The FIM EWC Endurance World Championship has several unique features. All of the events are held partly at night, including the 8-hour races. Unlike most other competitions, the choice of tyres is free. Another specific feature: "Le Mans type" starts with drivers running across the track to get onto their motorcycles. On these long-distance races that put men and machines to the test, the teams involved line up two to three riders who switch over during pit stops while the mechanics refuel the bikes and change the wheels.

In the same events, there are two categories that each have their own ranking system.


This is the category in which the teams riding for the EWC Championship title compete. The motorbikes are recognizable by their number plates with a black background and their white headlights. The EWC is the premier-class category with the most powerful machines. The overall appearance of the bikes must remain compliant with the homologated machines but it is possible to replace the forks, shock absorbers, swingarms, brakes, radiators and tail pipes. Some freedom is granted to increase the level of engine performance. The bikes are equipped with a quick wheel change system.
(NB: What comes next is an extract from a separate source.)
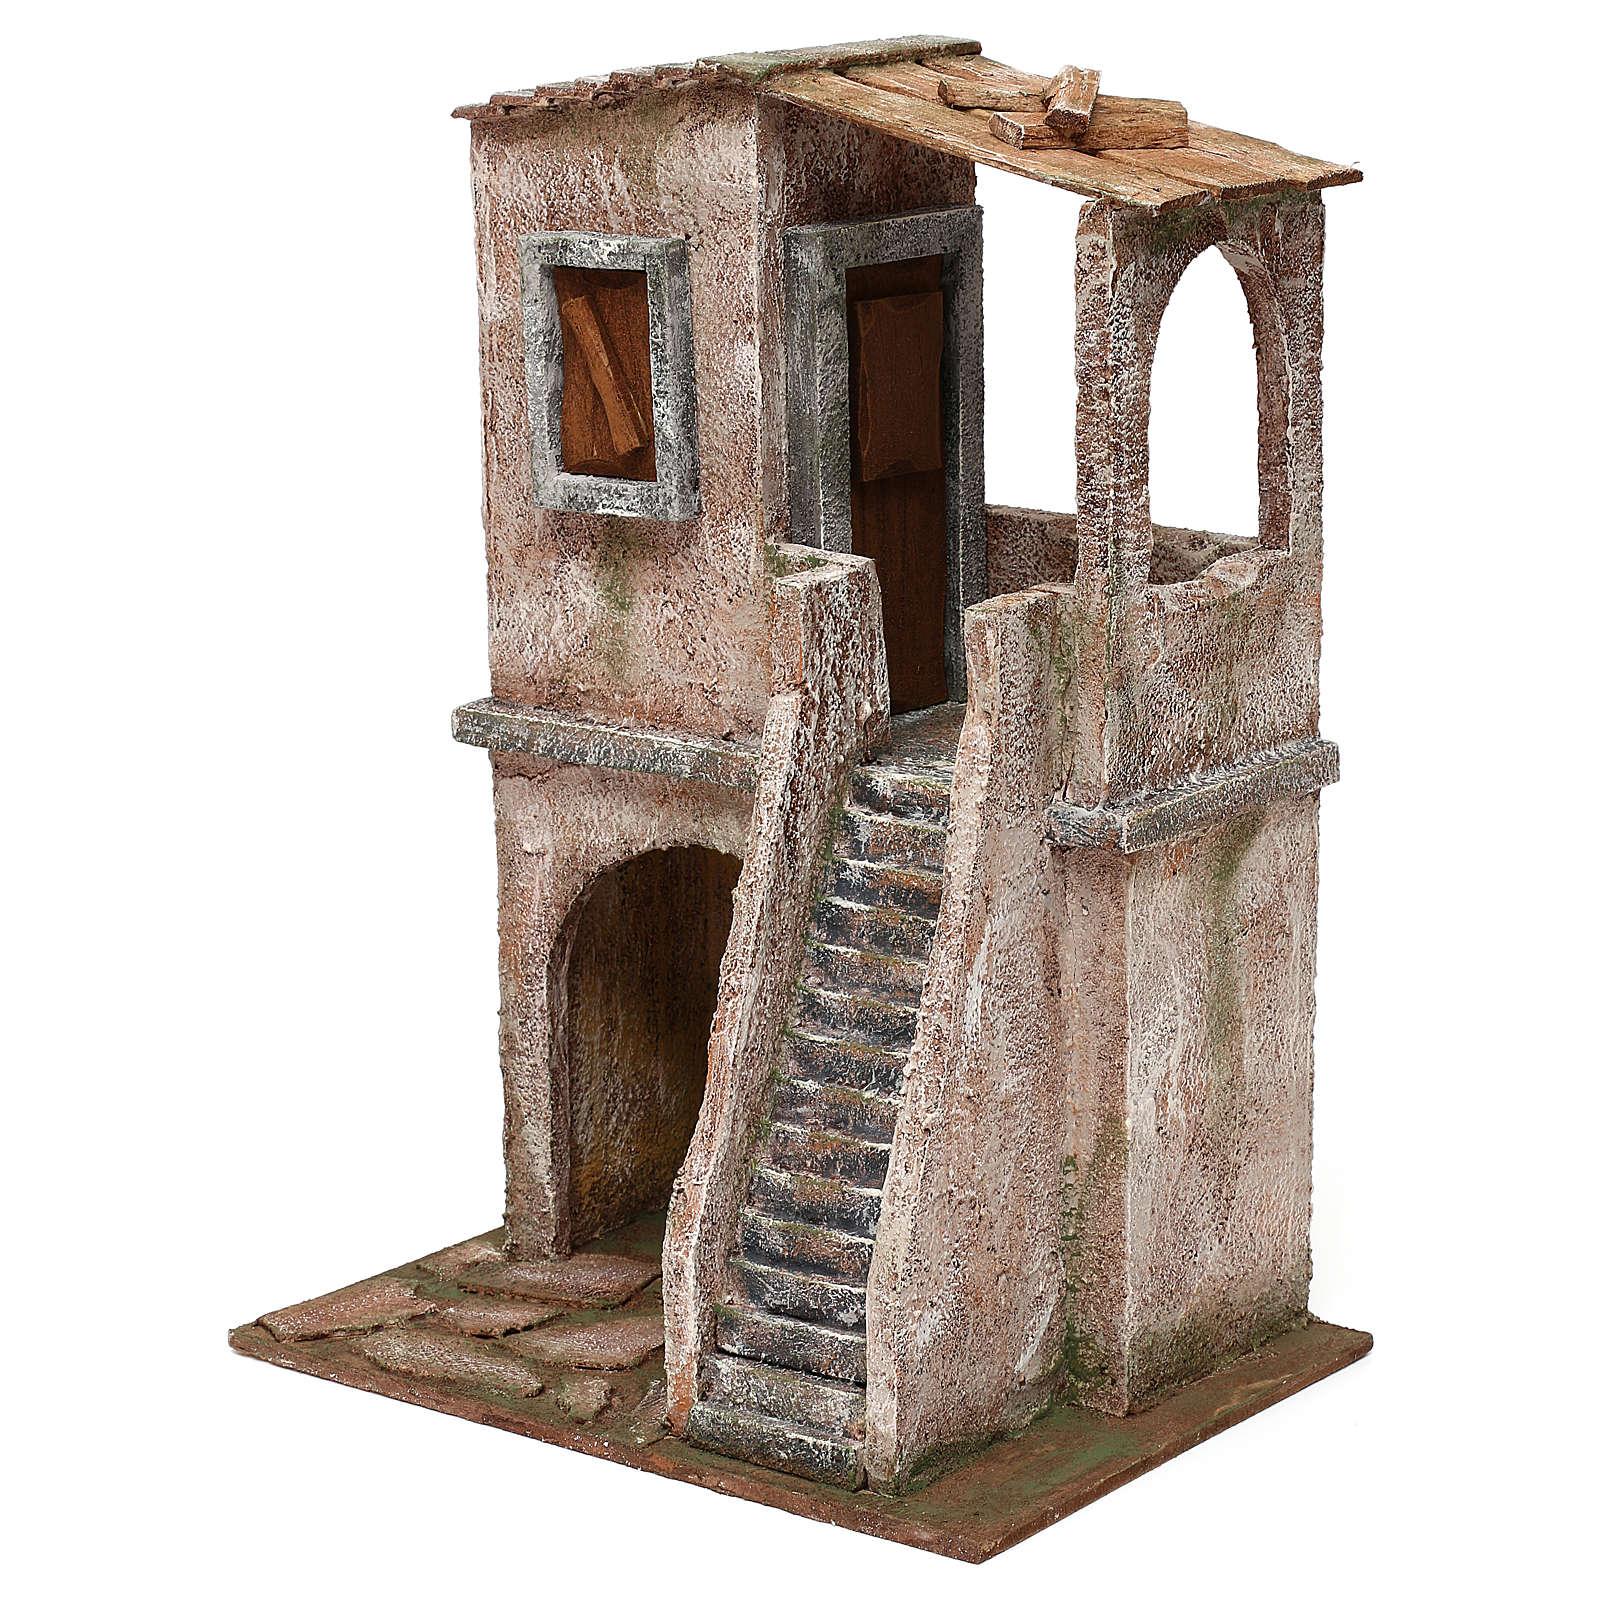 Two-floor house for 12 cm Nativity scene, 34x25x18 cm 4
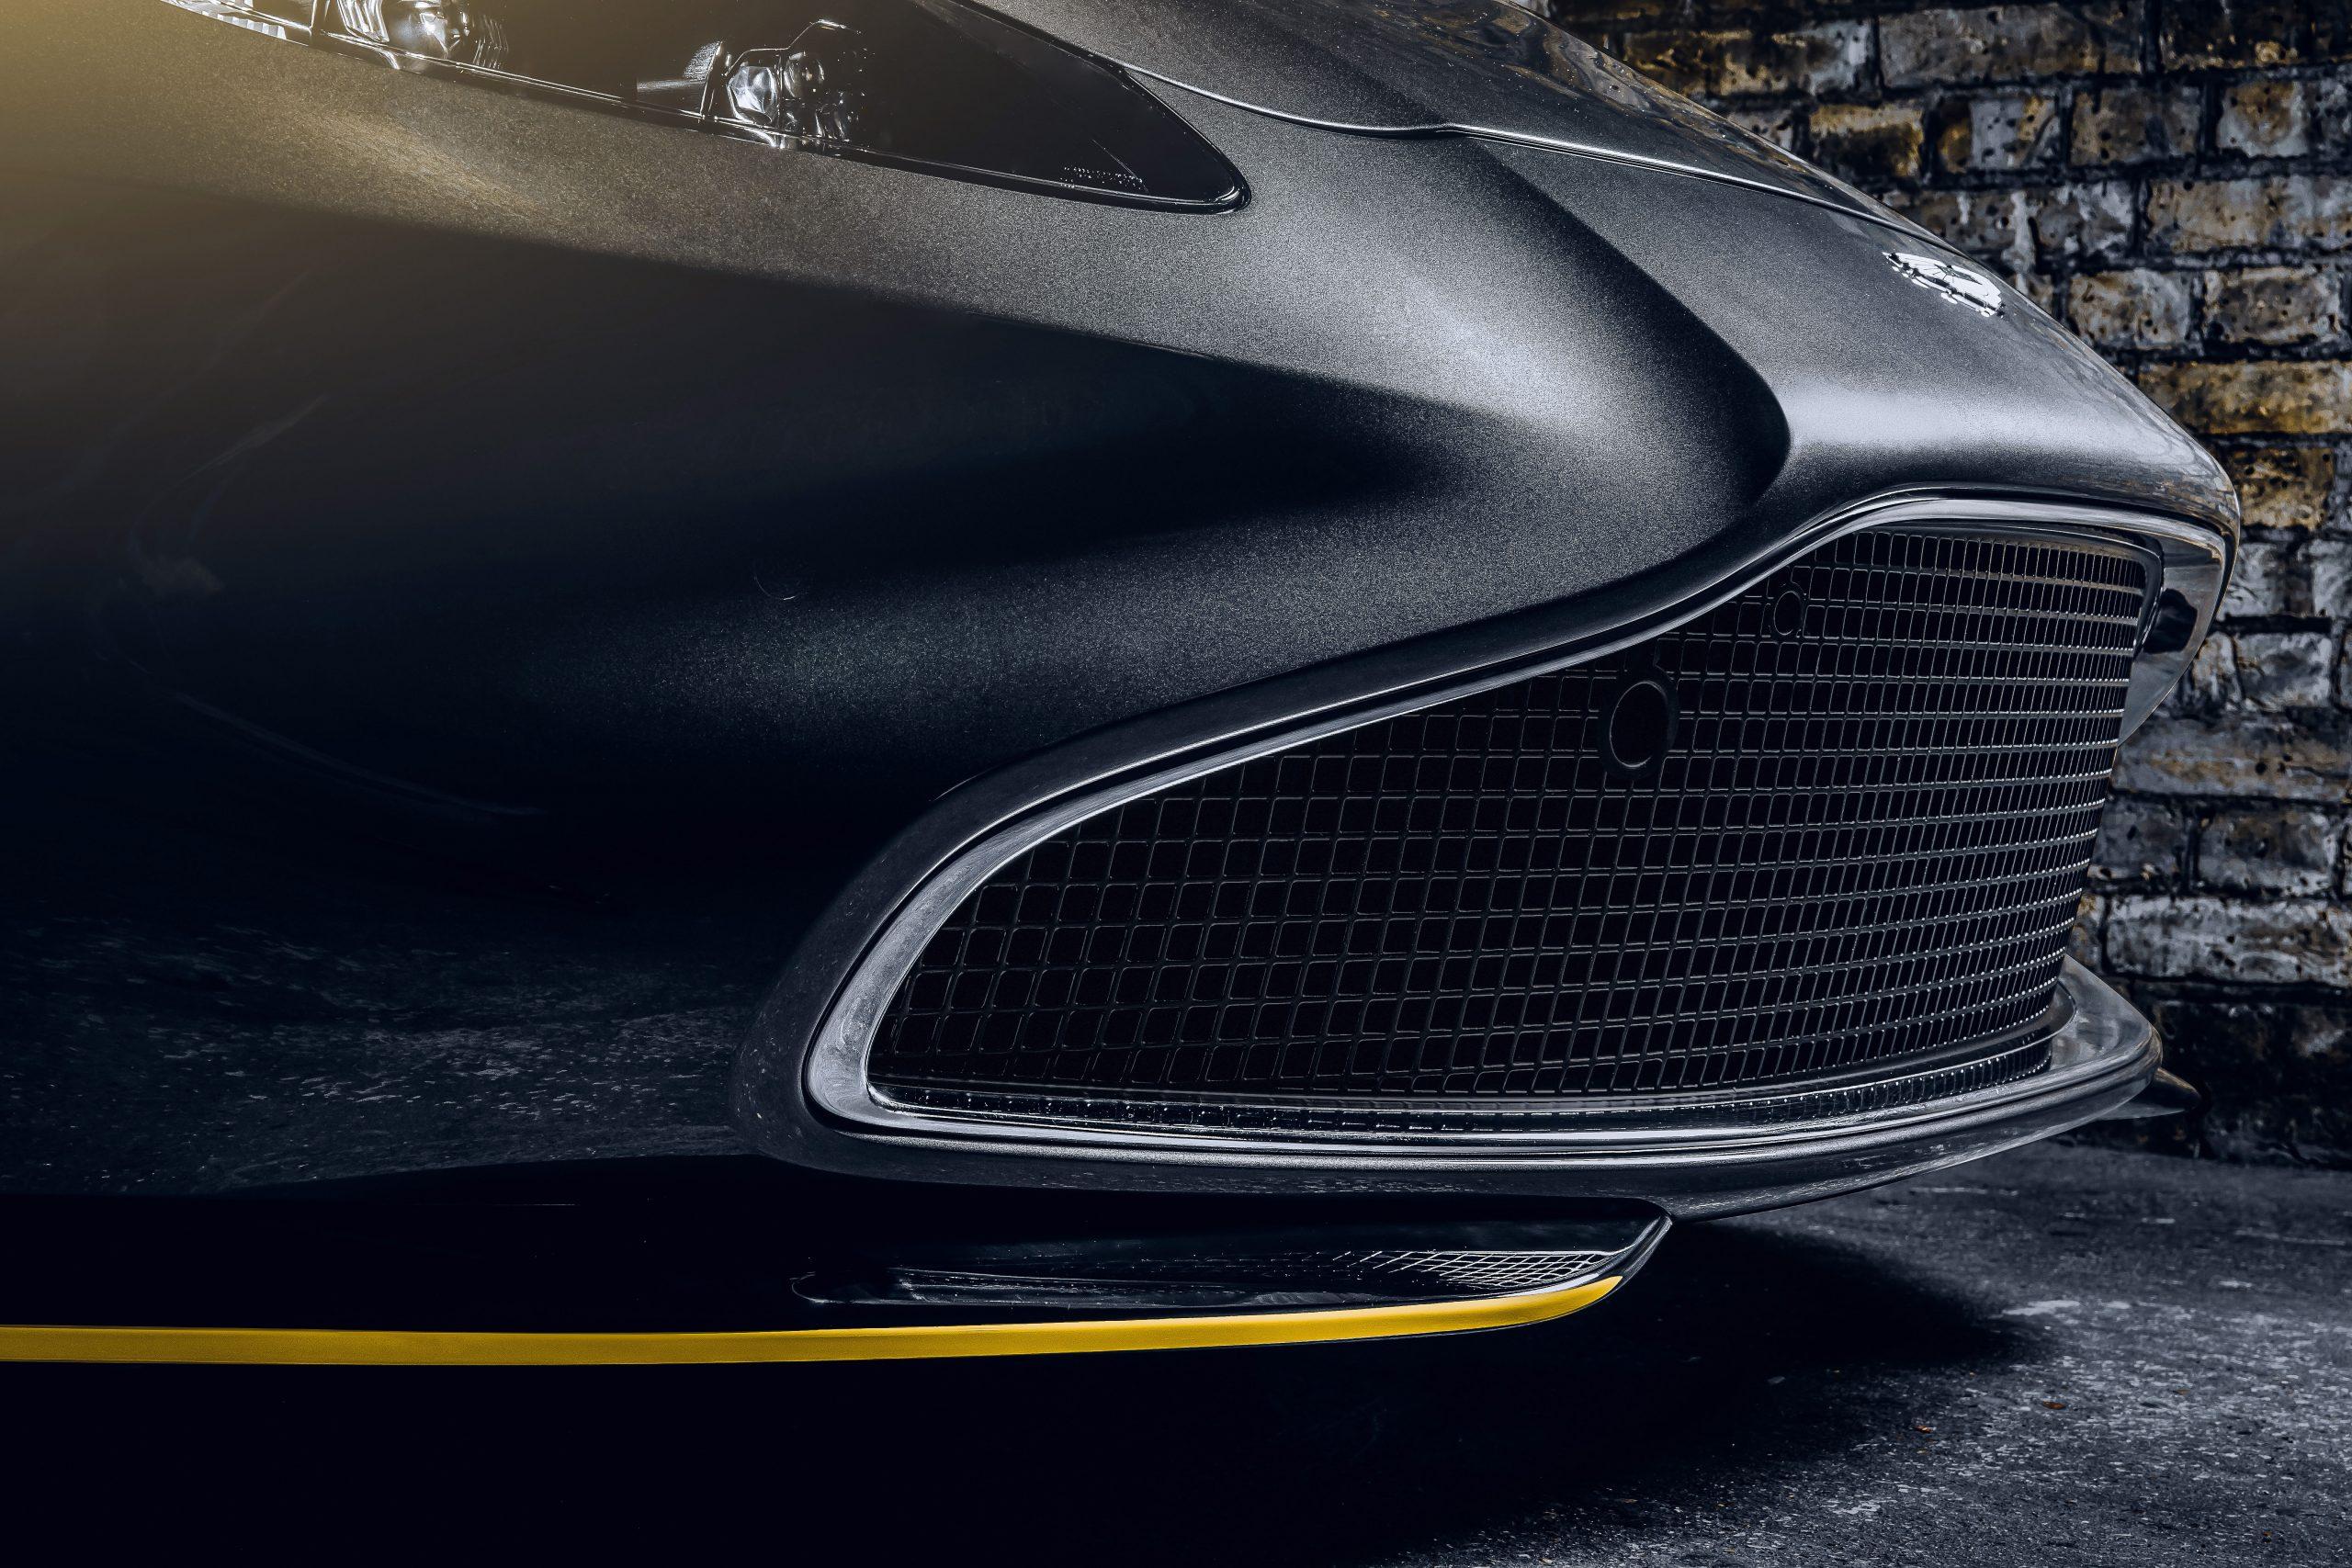 Aston Martin Vantage 007 Edition front grille

This is the category in which the teams riding for the Endurance World Cup compete. The motorbikes are recognizable by their number plates with a red background and their yellow headlights. Superstock machines are very close to production models. The engine must keep its original configuration and admissible modifications are very limited: mapping the electronic injection boxes, strengthening the clutch, changing the exhaust silencer. The wheel removal system must be the original one, meaning a good strategy for tyre changes during refueling is needed.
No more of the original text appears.